Since returning to Division I-A status for football in 1996, Idaho has rekindled its rivalry with Washington State, eight miles (13 km) to the west in Pullman. The annual game, usually played at Martin Stadium in Pullman, was renewed in 1998 after just two meetings in two decades, and is referred to as the "Battle of the Palouse." The Cougars hold an immense advantage in the series (70-18-3 .786), but the Vandals did win back-to-back meetings in 1999-2000, following 14 straight Cougar victories from 1966-98. The last game played on the Idaho side of the border in this series was in 1966, a mudbath won by WSU. This game followed consecutive Idaho victories in 1964-65, which had been preceded by nine straight Cougar wins.[6] Two of the recent games played in Pullman (1999 & 2001) were designated as Idaho "home games" to help reach existing NCAA minimum attendance requirements. The 2004 game was a designated Idaho home game for revenue purposes.[7] The 2003 game was played in Seattle at Seahawks Stadium. The three games played in Pullman from 2005-07 were all WSU home games.

The last game in the series was played in 2007, a 45-28 WSU victory, their seventh straight over the Vandals.
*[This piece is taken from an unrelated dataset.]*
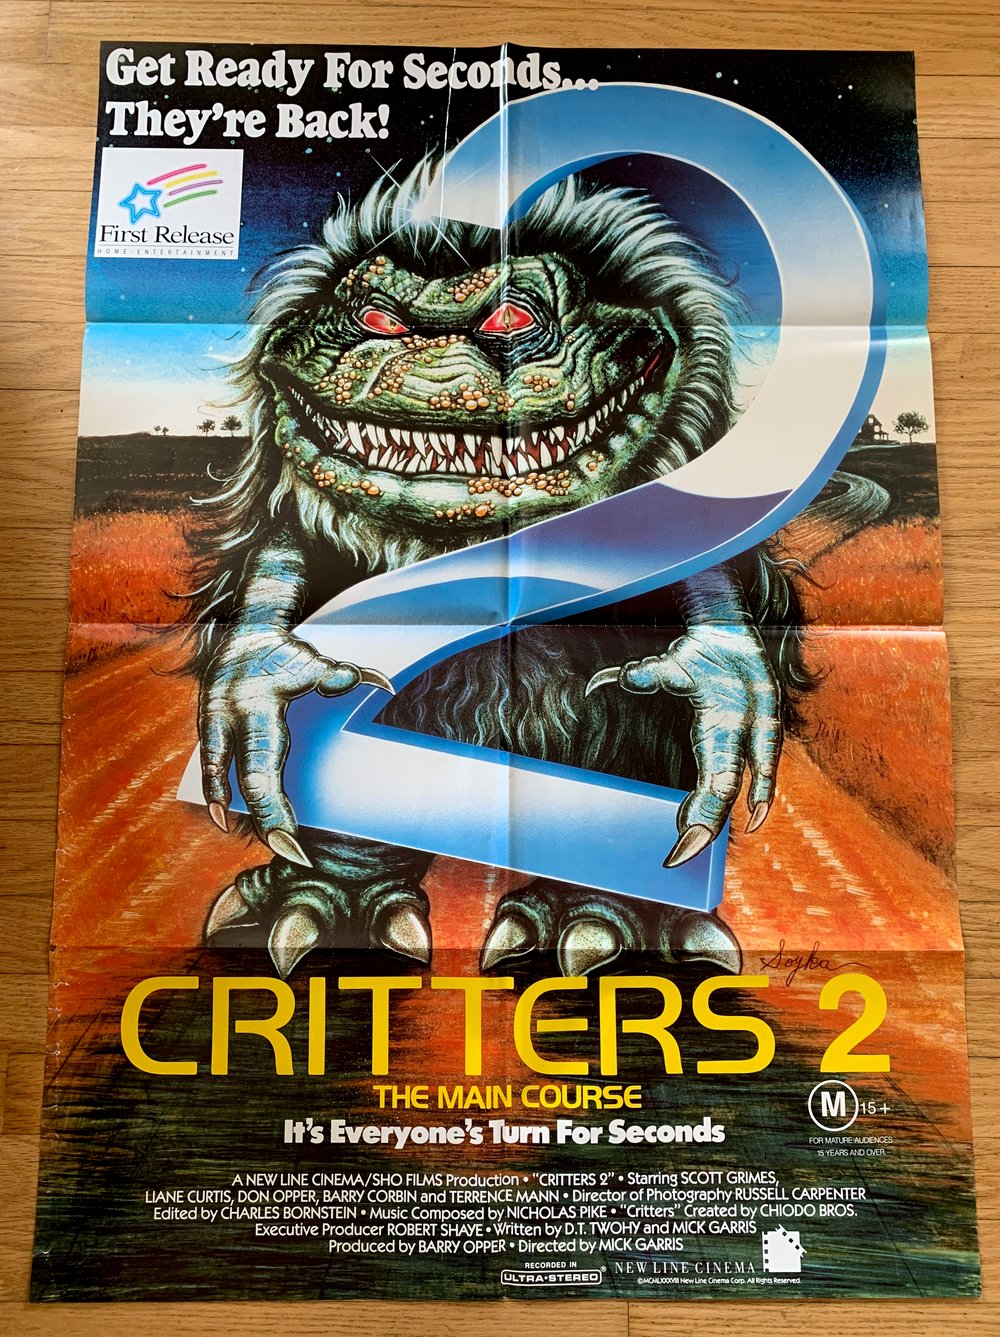 1989 CRITTERS 2 Original Australian One sheet Movie Poster

At the request of Vandals head coach Robb Akey, a former WSU assistant who became the Vandal head coach in 2007, the game will be played every four years rather than annually.

Boise State

Boise is 300 highway miles (480 km) south of Moscow, and many UI students are from the Treasure Valley (greater Boise area), the major population area of the state. Idaho has had a major in-state rivalry with Boise State since 1971; BSU joined the Big Sky in 1970 but the football teams did not meet that season. BSU & UI moved to Division I-AA in 1978 and to Division I-A in 1996, joining the Big West.
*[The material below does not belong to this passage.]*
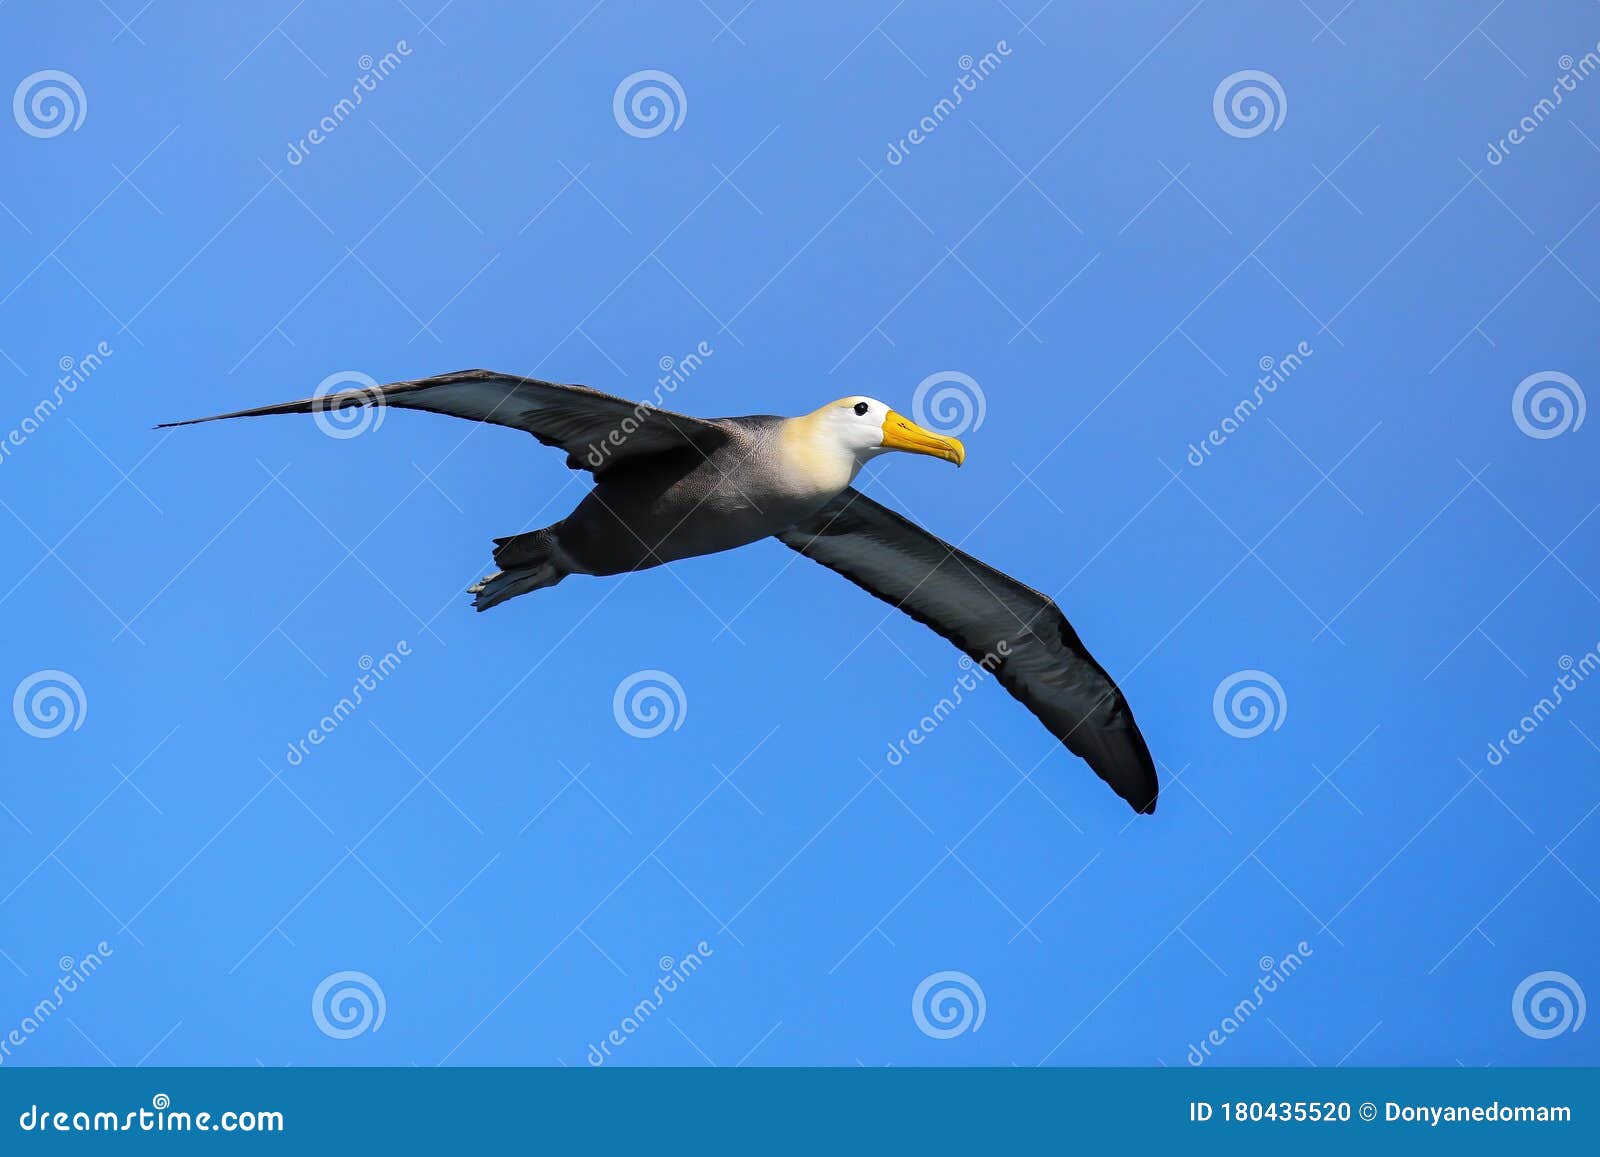 waved albatross in flight on espanola island, galapagos national park, ecuador

Since 2000, the Vandals' football team has a conference record of 16-47 (.254), compared to the Broncos' conference record of 65-4 (.942). During this time, the Vandals have not been competitive against BSU, losing 10 straight games by a combined margin of 453-160. Dominance in this rivalry has come in streaks, as the Vandals won 12 consecutive games over BSU from 1982-93, after the Broncos had dominated the previous decade.[8]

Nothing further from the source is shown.